Though rain pecks the roof
and the wind be howls wild,
God keep you from harm,
One night there was a terrible storm. Katie’s stomach lurched with the waves.
“It’s a nor’easter, “ a kind woman said. She held Katie’s head and comforted her. “Such a storm means land is near. Keep hope in your heart. I hear Boston streets are paved with gold.”
“That’s not what I hear!” Brian, who’d been talking to the big boyos, cut in. “I hear the streets are cobblestones and the Irish are called names.”
“Hush!” the woman waggled a finger and Katie covered her ears.
Brian snorted. “That’s not hard in this coffin ship, with so many sick and dying.”
The next day the sea quieted, a gull landed on the ship, and Katie saw shoreline. She poked Brian and shouted, “Land! I’ll be seeing Da soon.”
Then a new fear stabbed. What if Da isn’t there? Or doesn’t recognize me so scrawny? Or doesn’t want me, once he knows what I’ve done.
But there he was, the same broad-shouldered, big-grinning, bear-hugging Da. Katie flew to him and melted in his hug.
“Och, child! You’re stick thin!” he said, plucking her up. “But I’d know you anywhere. And can this be Brian, a mere lad when I left, now almost a man? I want to thank you for caring for me daughter.”
“Are Boston streets truly paved with gold? Katie asked remembering what the boat woman told her.
“Nay,” said Da with a wink. “But I earn dollars on the docks where I work. I’ll show you on the way home….
Katie slipped into a seat. The sight of all that food turned her legs to water.
Da said, “God bless those we love in Ireland and out new land, and bless the food we eat.” He paused and added, “Thanks be for the bravery of Brian and the spunk of me Katie.
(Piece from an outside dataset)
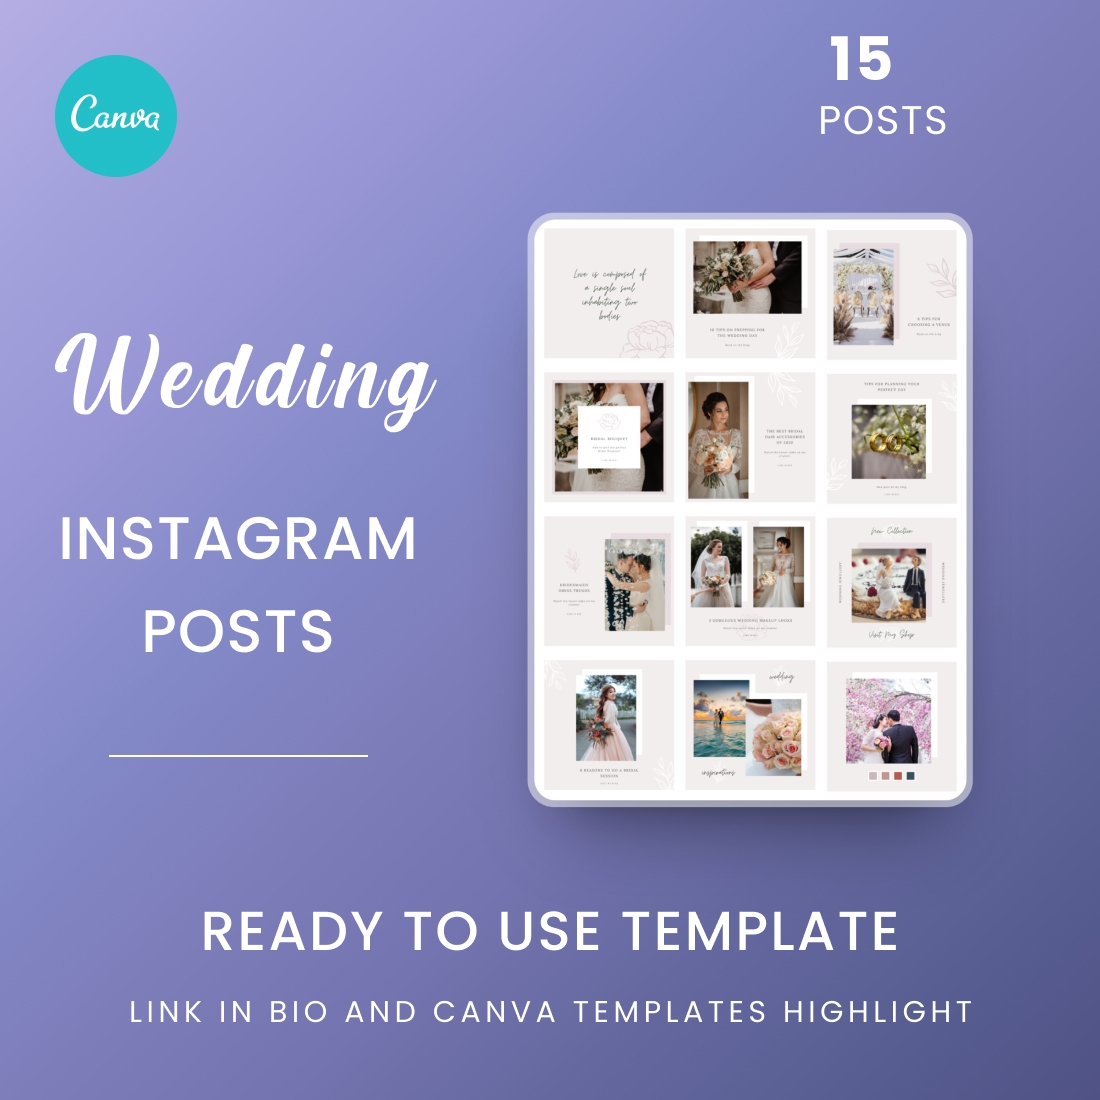 Modern Wedding Canva Template - 15 Instagram Posts cover image.

I am full to bursting proud!”
Katie did not budge. Her eyes were fixed on the mountain of mashed potatoes with onion bits, lashings of milk, and a knob of butter, just the way Mam used to make them.
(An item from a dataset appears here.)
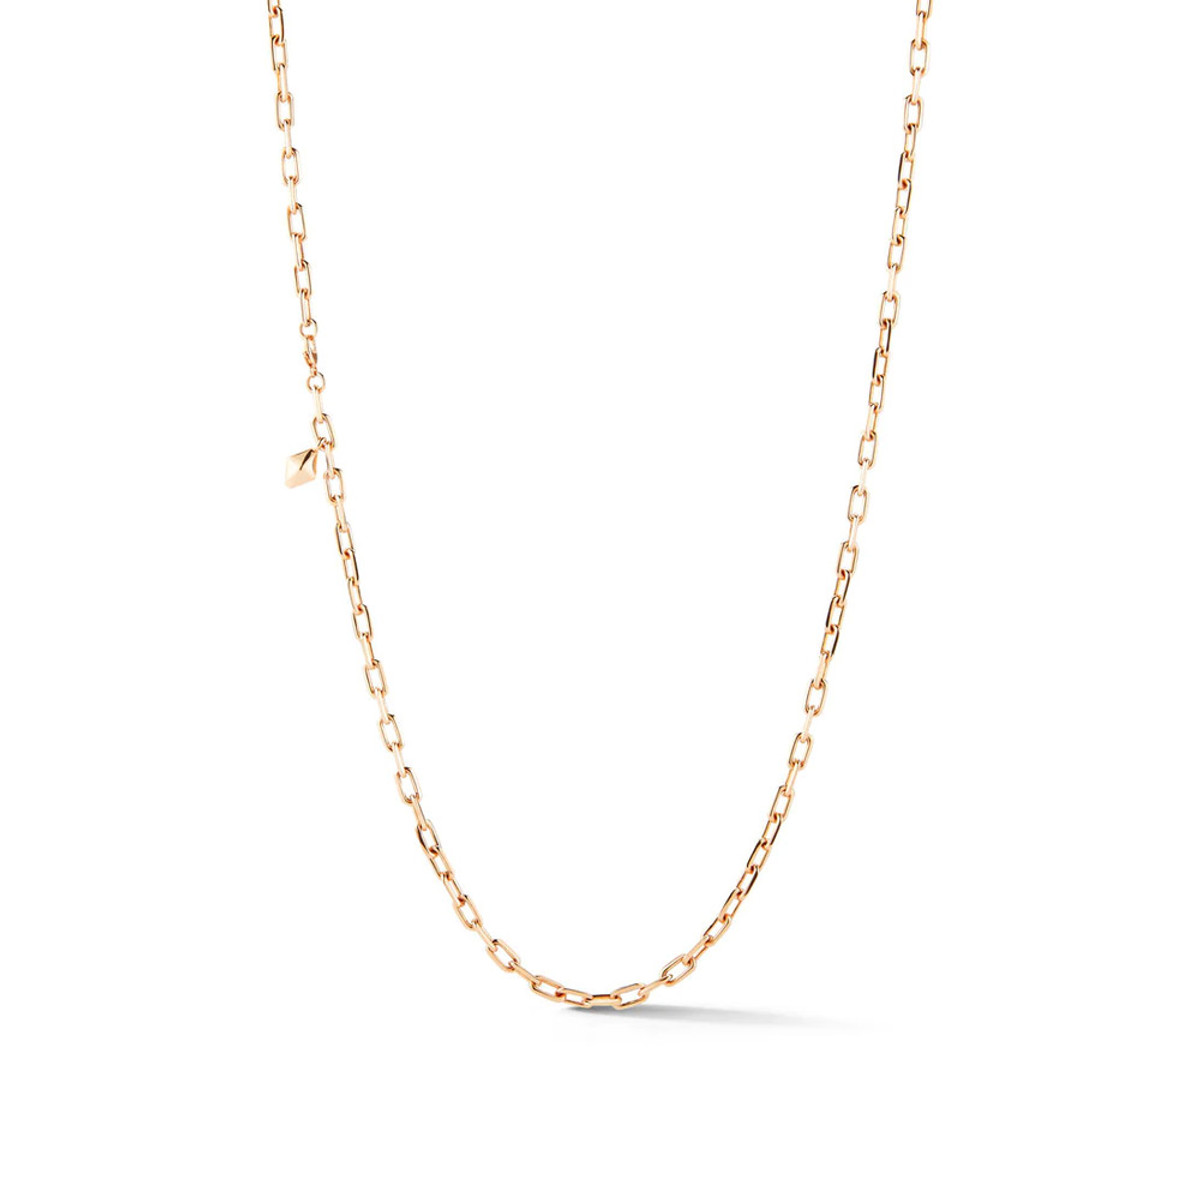 Walters Faith Saxon 18K Rose Gold Chain Necklace with Origami Hang Tag-56958

“Child, you’re not eating,” Da said, concerned. “Is the food not to your liking?”
“Aye, ‘tis much to my liking,” Katie answered. “But I can’t eat.”
“Because I don’t deserve to, because of the wicked thing I said,” Katie confessed.
Then , in a tumble of tears, she told of the long-ago Sunday when she wished the potatoes away, and how everything awful happened after—how “the pratties got mushy and Grannie got sick, and Grand Da was so mad he sent me away.”
“Nay,” Katie’s da said, holding her heart-close. “Believe me, your words weren’t wicked. Nor can words make bad things happen. None of it was of your doing. The Famine was caused by a fungus. The fever, by disease. And Grand Da isn’t mad at you. He never was. “So eat, Katie lass, and know how big you are loved.”
Katie wiped her eyes and took a bite. It was powerful good. The relief she felt, knowing what happened wasn’t her fault, was like sun after rain. It filled her with warmth.